Here we first look at the following formula:
I believe we see this formula is no stranger to high school math we come into contact with the statistics, we often use the above formula to calculate the predicted value, the above method is called simple linear regression least square method.
To do this, go back and review a special high school math. The least square method is in fact, find a straight line, making our training data set to this line and minimum distance. Reference specific formula is derived: Least Squares
With the above formula, we can be encapsulated by the formula, API form a binary linear regression algorithm
import numpy as np
class SimpleLinearRegression1:
def __init__(self):
self.a_ = None
self.b_ = None
def fit(self, x_train, y_train):
assert x_train.ndim == 1,\
"Simple LinearRegressor can only solve single feature training data"
assert len(x_train) == len(y_train), \
"the size of x_train must be equal to the size of y_train"
x_mean = np.mean(x_train)
y_mean = np.mean(y_train)
num = (x_train - x_mean).dot(y_train - y_mean)
d = (x_train - x_mean).dot(x_train - x_mean)
self.a_ = num / d
self.b_ = y_mean - self.a_ * x_mean
return self
def predict(self, x_predict):
assert x_predict.ndim == 1, \
"Simple Linear regressor can only solve single feature training data"
assert self.a_ is not None and self.b_ is not None, \
"must fit before predict!"
return np.array([self._predict(x) for x in x_predict])
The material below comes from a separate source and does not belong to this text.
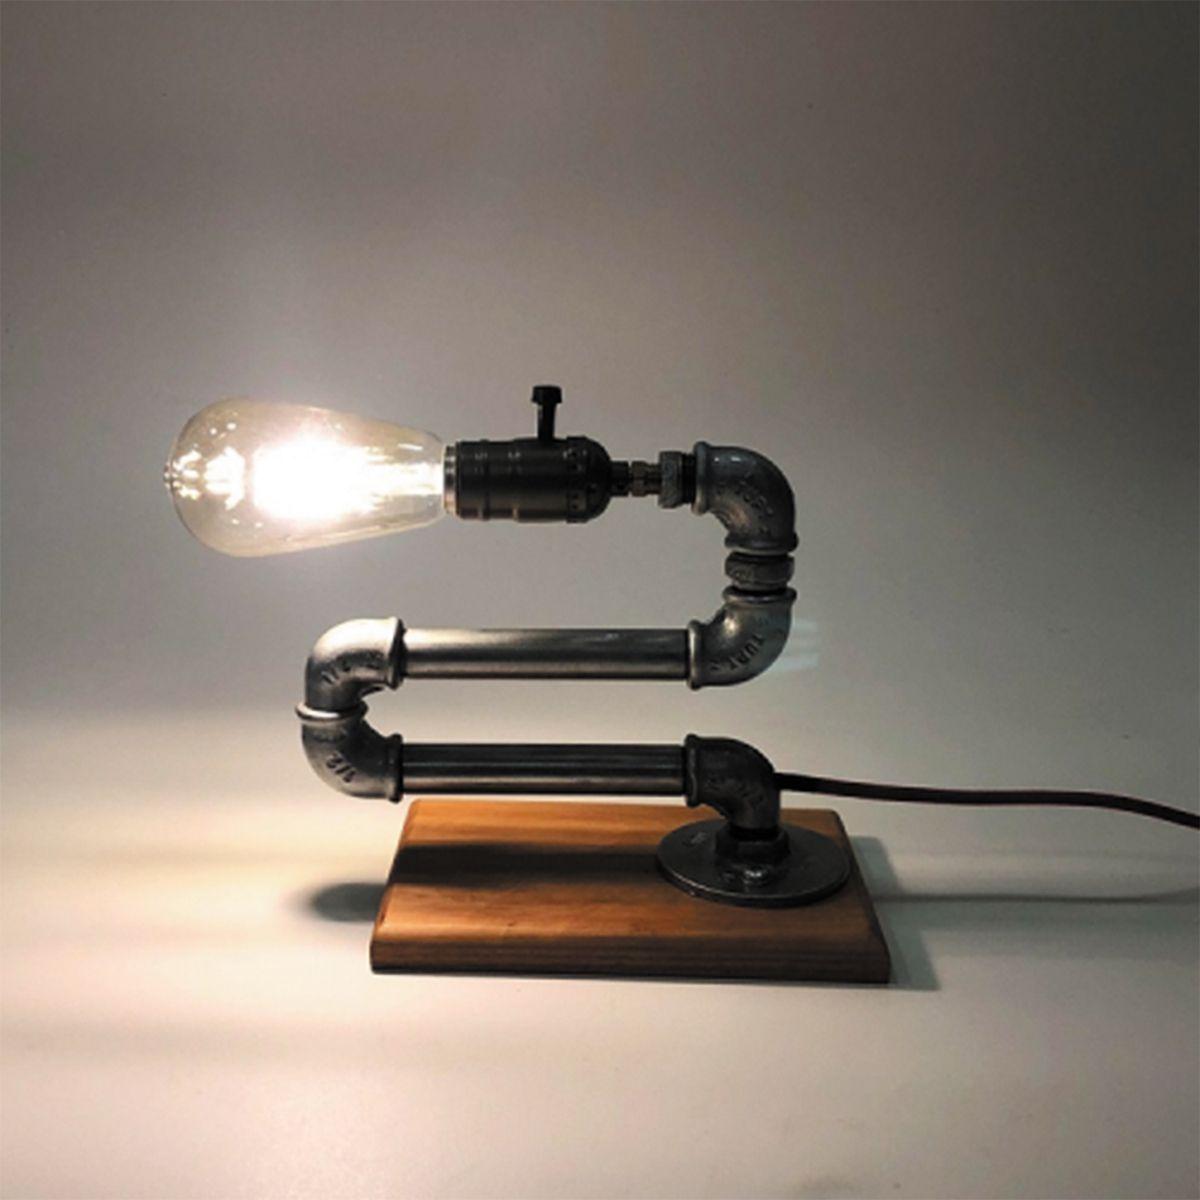 Luminária de Mesa Design Exclusivo Cano de Metal Mod: Minhoca

def _predict(self, x_single):
return self.a_ * x_single + self.b
def __repr__(self):
return"SimpleLinearRegression1()"_
Good package our own linear regression algorithm, we can have a linear characteristic data to predict the binary. When the test data, we often use several indicators to evaluate the predictive effects of our predictions:
MAE (mean absolute error)
is easy to see, the absolute value of the average value even if the sum MAE is the actual value of the prediction that the test data value difference. We can calculate the predicted results and the actual results of the size of the deviation.
MSE (mean square error)
Mean square error of the mean square of the absolute value of the actual fact, is the predicted value of the difference value and the test data summation.
R ^ 2 (coefficient of determination) (best results)
through the following estimate the estimated, R ^ 2 may be expressed as (1-MAE / Var (variance))
where I see a teaching video, Boston employed as prediction data rates ( we can also visit the following Web site, I see instructional videos, talking about feeling good)
Machine Learning Python application
Code Display
import matplotlib.pyplot as plt
from sklearn import *
from Simple_LR_class import SimpleLinearRegression1
boston = datasets.load_boston()
x = boston.data[:, 5]
y = boston.target
x = x[y < 50.0]
y = y[y < 50.0]
x_train, x_test, y_train, y_test = model_selection.train_test_split(x, y)
lr_clf = SimpleLinearRegression1()
lr_clf.fit(x_train, y_train)
y_predict = lr_clf.predict(x_test)
plt.scatter(x_train, y_train)
plt.plot(x_train, lr_clf.predict(x_train), color='r')
plt.plot(x_test, lr_clf.predict(x_test), color='g')
MAE = metrics.mean_absolute_error(y_test, y_predict)
MSE = metrics.mean_squared_error(y_test, y_predict)
R_square = metrics.r2_score(y_test, y_predict)
print(MSE)
print(MAE)
print(R_square)
plt.show()
We can see the effect of fitting a straight line and the predicted results:
Readers want to be helpful, like it can look at my public, then I will study notes made in the above, we will be able to learn together!